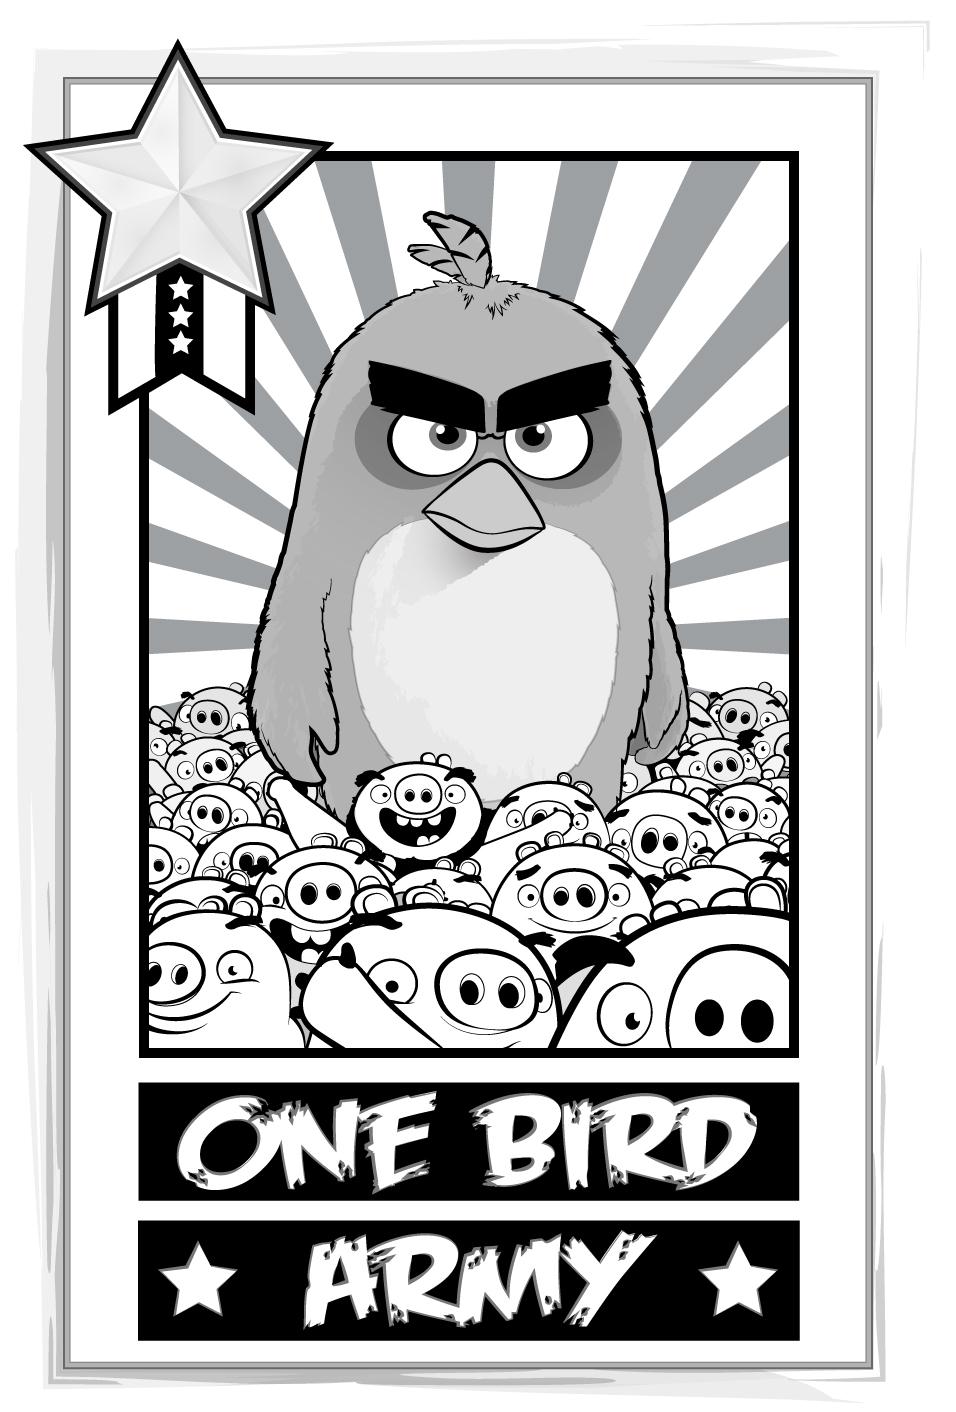 Angry Birds award Mock up
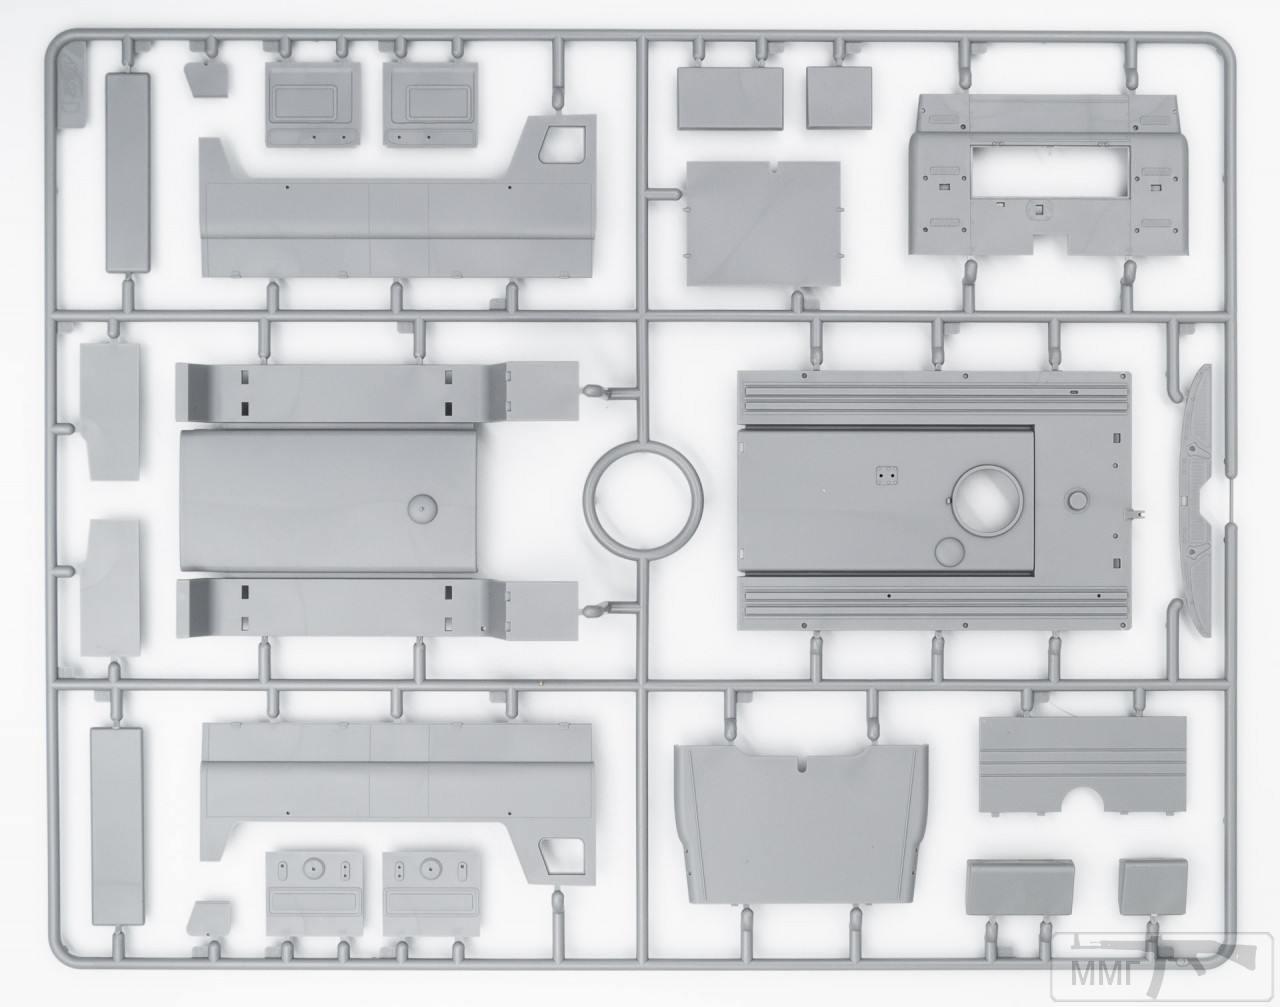 99848 - Обзор моделей и афтемаркета.
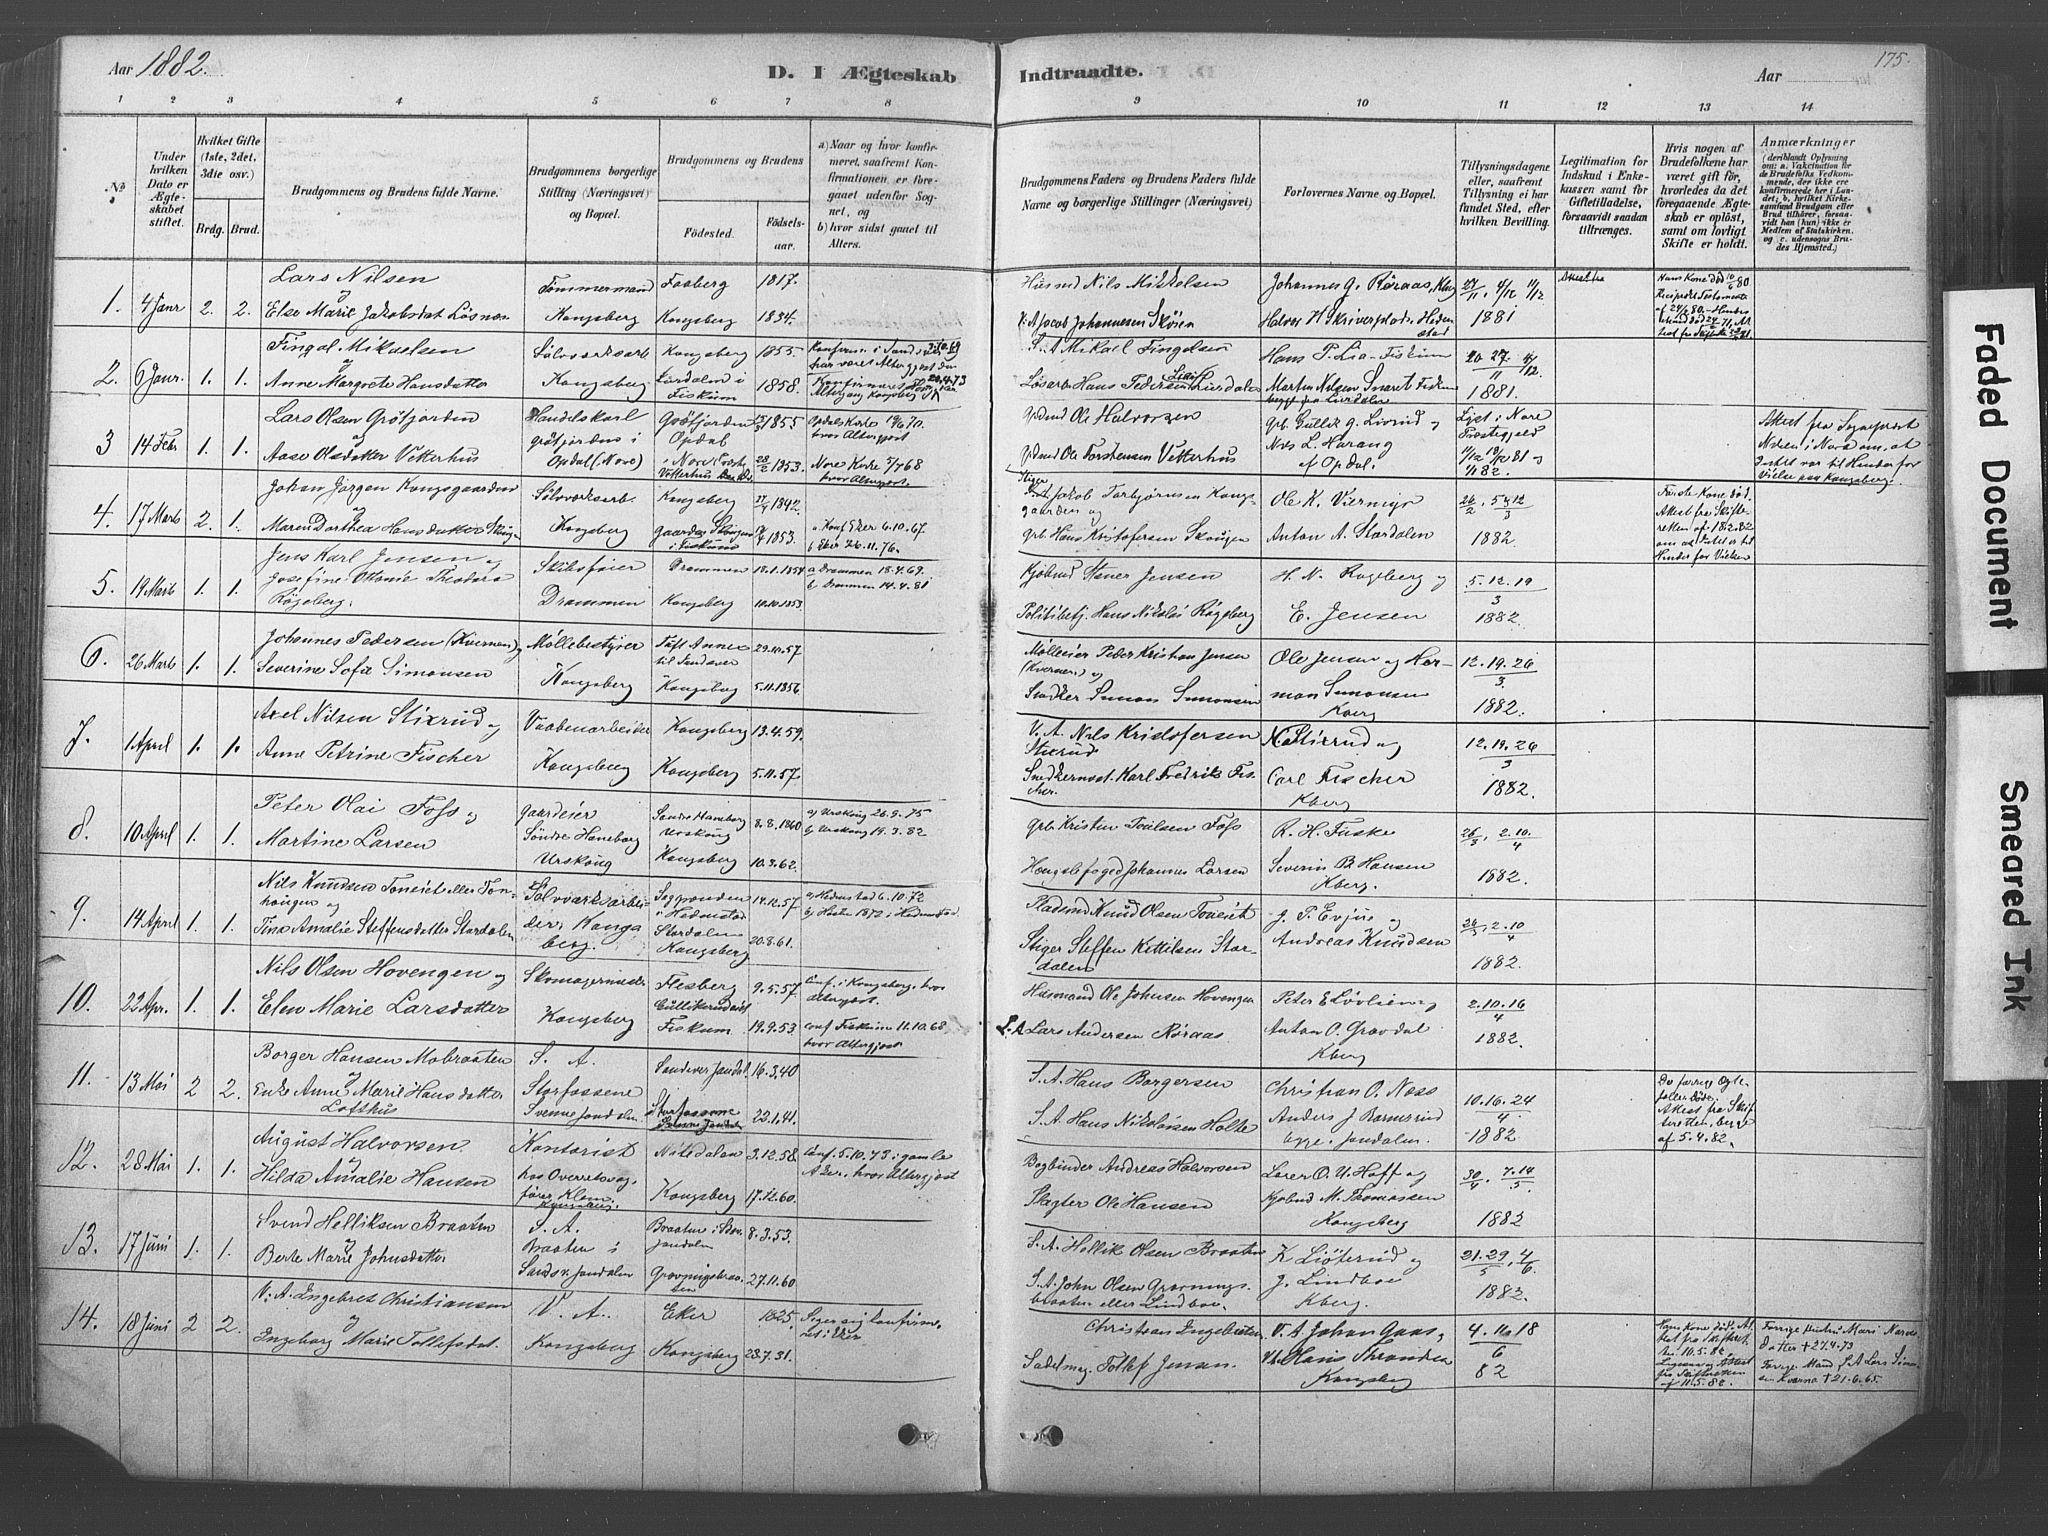 SAKO, Kongsberg kirkebøker, F/Fb/L0001: Ministerialbok nr. II 1, 1878-1886, s. 175

What to work on >>
Please print everything in the material exactly, apart from the pictures.

Output >>
 Angry Birds award Mock up
 99848 - Обзор моделей и афтемаркета.
 SAKO, Kongsberg kirkebøker, F/Fb/L0001: Ministerialbok nr. II 1, 1878-1886, s. 175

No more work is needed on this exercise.